EXERCISE PROMPT: Copy each line below word for word and drop every image.

RAW DATA:
┌────────

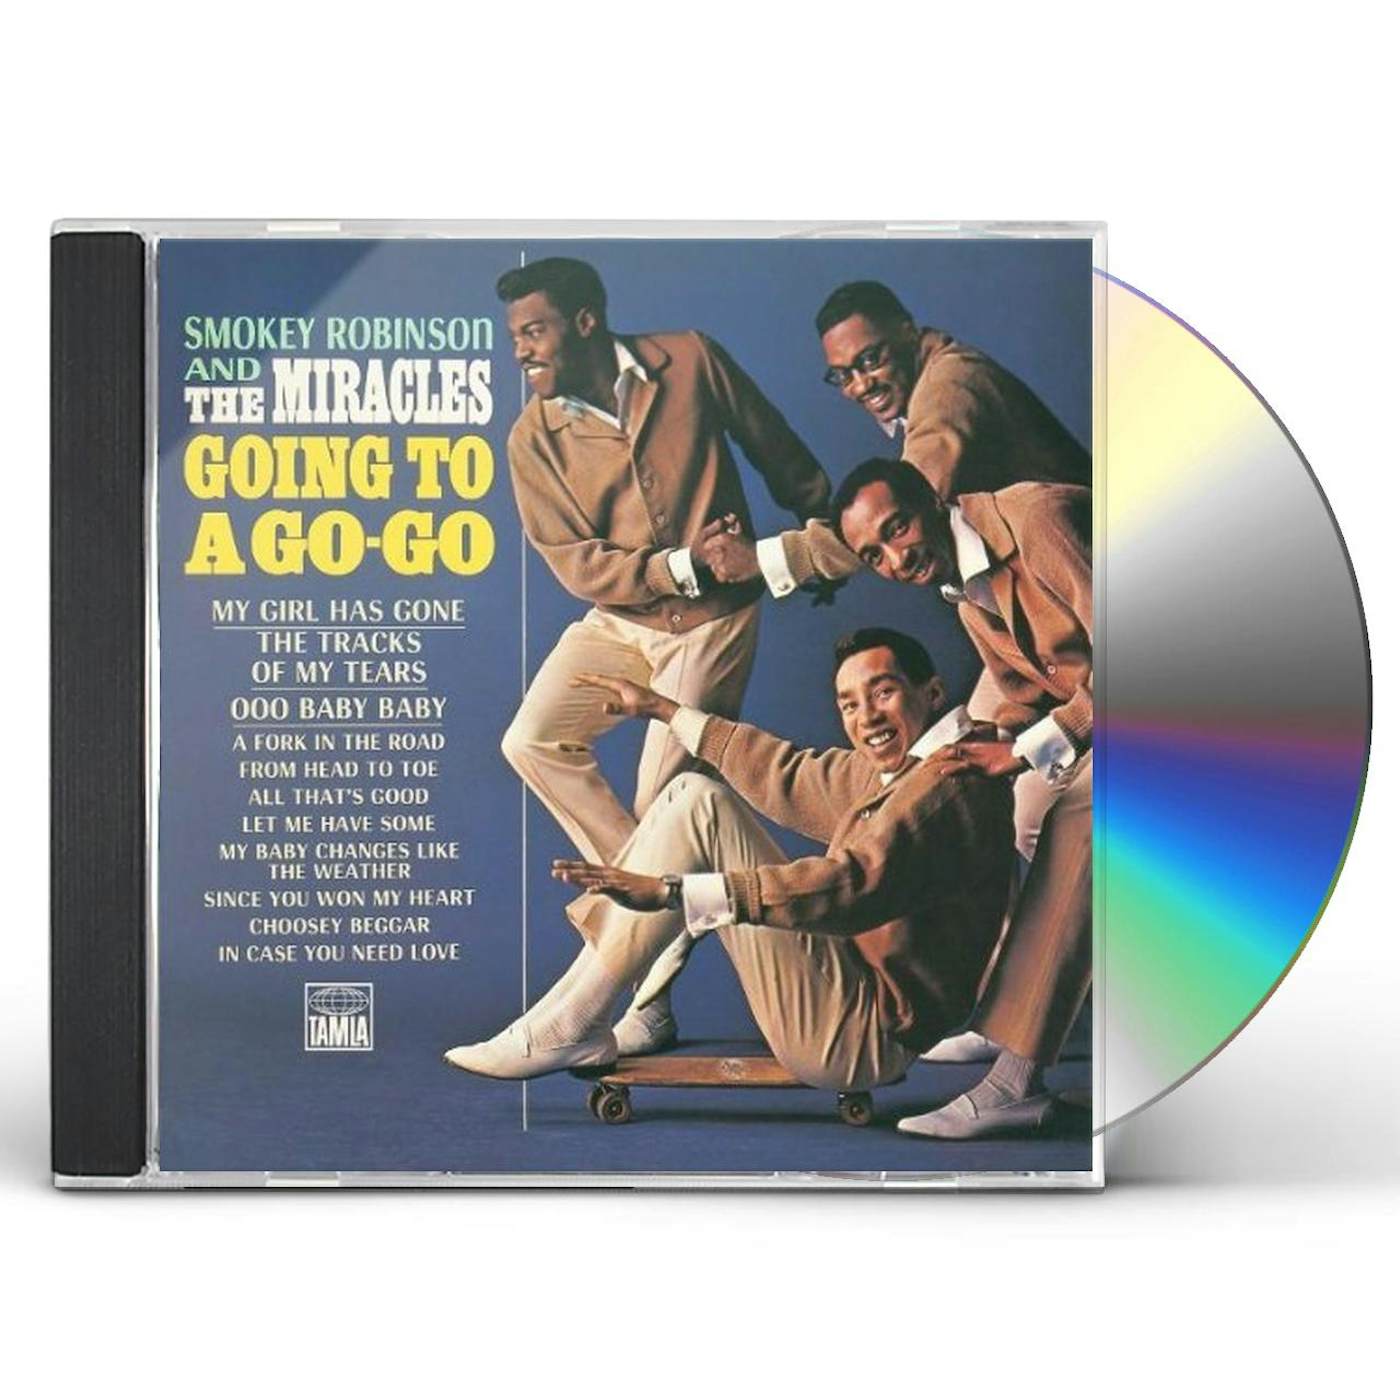 Smokey Robinson & The Miracles GOING TO GO-GO / AWAY WE GO-GO CD
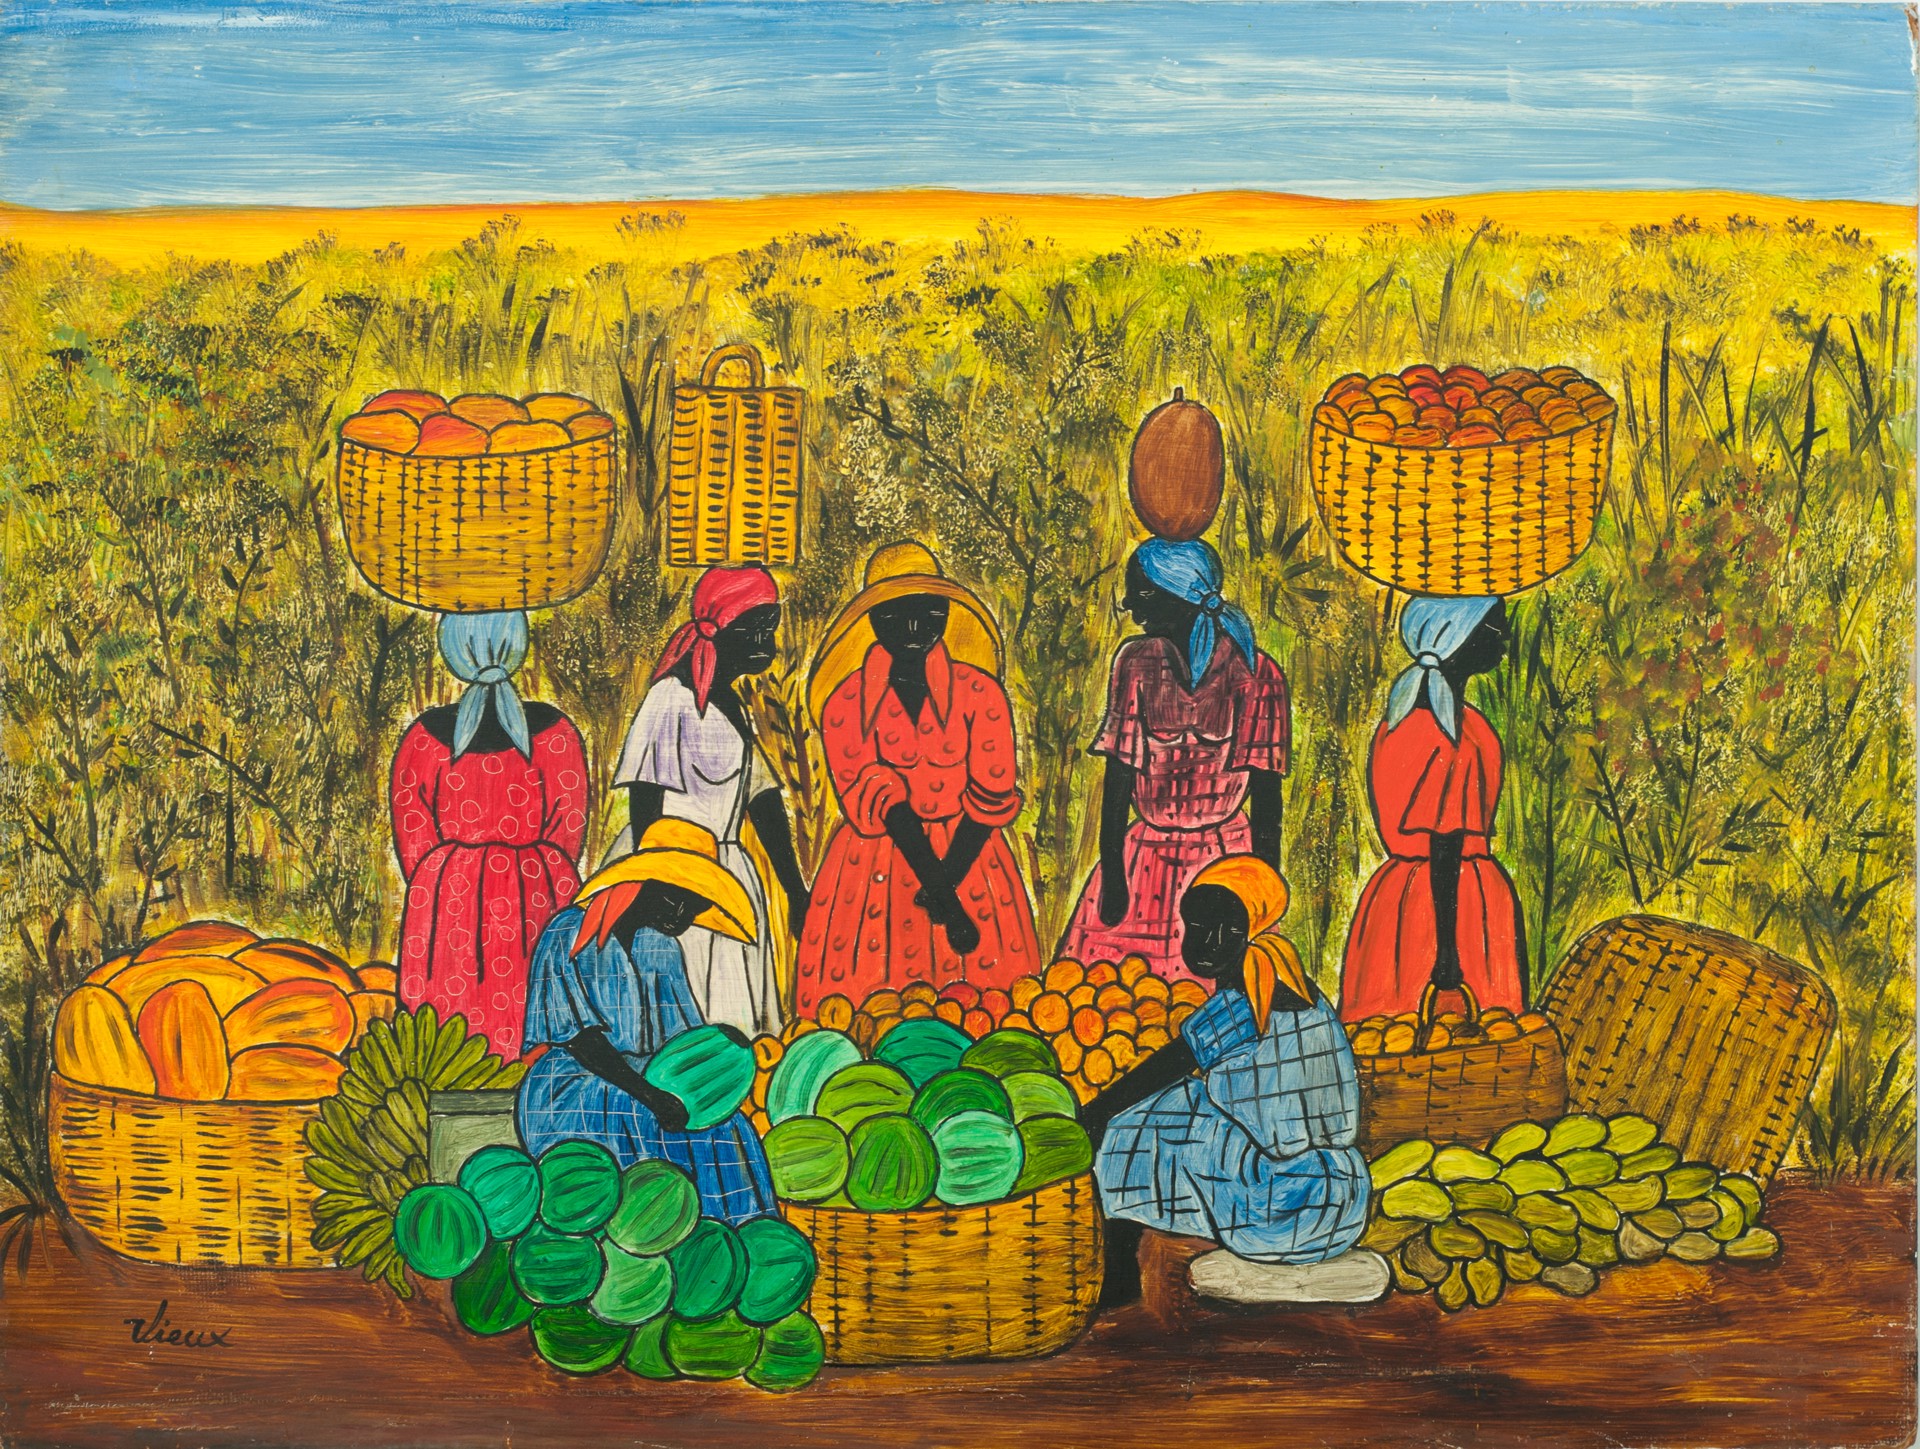 Sellers With Their Baskets #19-6-91GSN by Philippe Vieux (Haitian, b.1932)
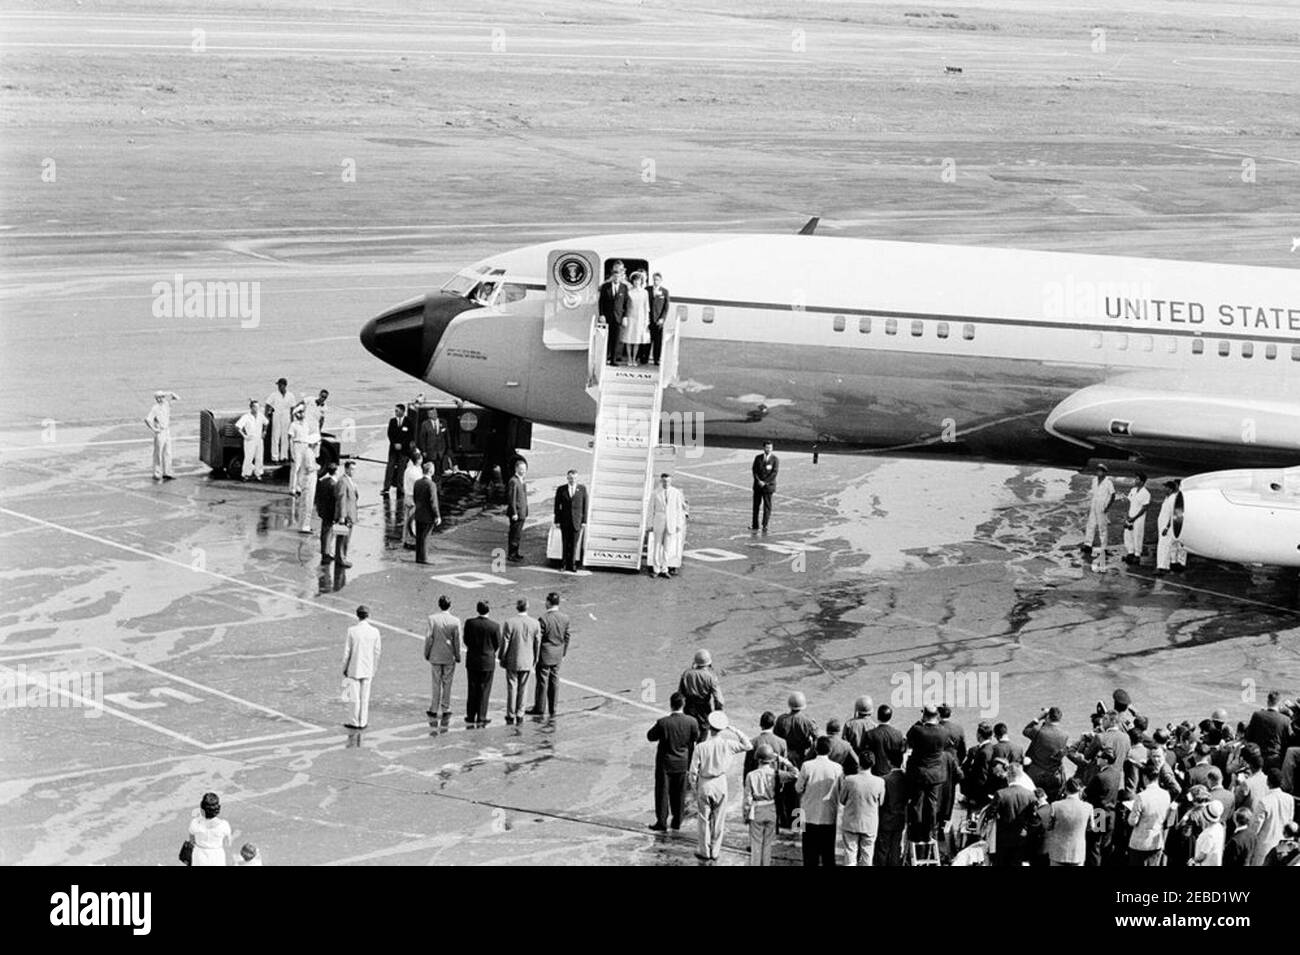 Trip to South America: Caracas, Venezuela, arrival, 9:00AM. President John F. Kennedy and First Lady Jacqueline Kennedy prepare to step off Air Force One upon their arrival at Maiquetu00eda International Airport, Caracas, Venezuela. Stock Photo

└────────

EXERCISE ANSWER:
 Smokey Robinson & The Miracles GOING TO GO-GO / AWAY WE GO-GO CD
 Sellers With Their Baskets #19-6-91GSN by Philippe Vieux (Haitian, b.1932)
 Trip to South America: Caracas, Venezuela, arrival, 9:00AM. President John F. Kennedy and First Lady Jacqueline Kennedy prepare to step off Air Force One upon their arrival at Maiquetu00eda International Airport, Caracas, Venezuela. Stock Photo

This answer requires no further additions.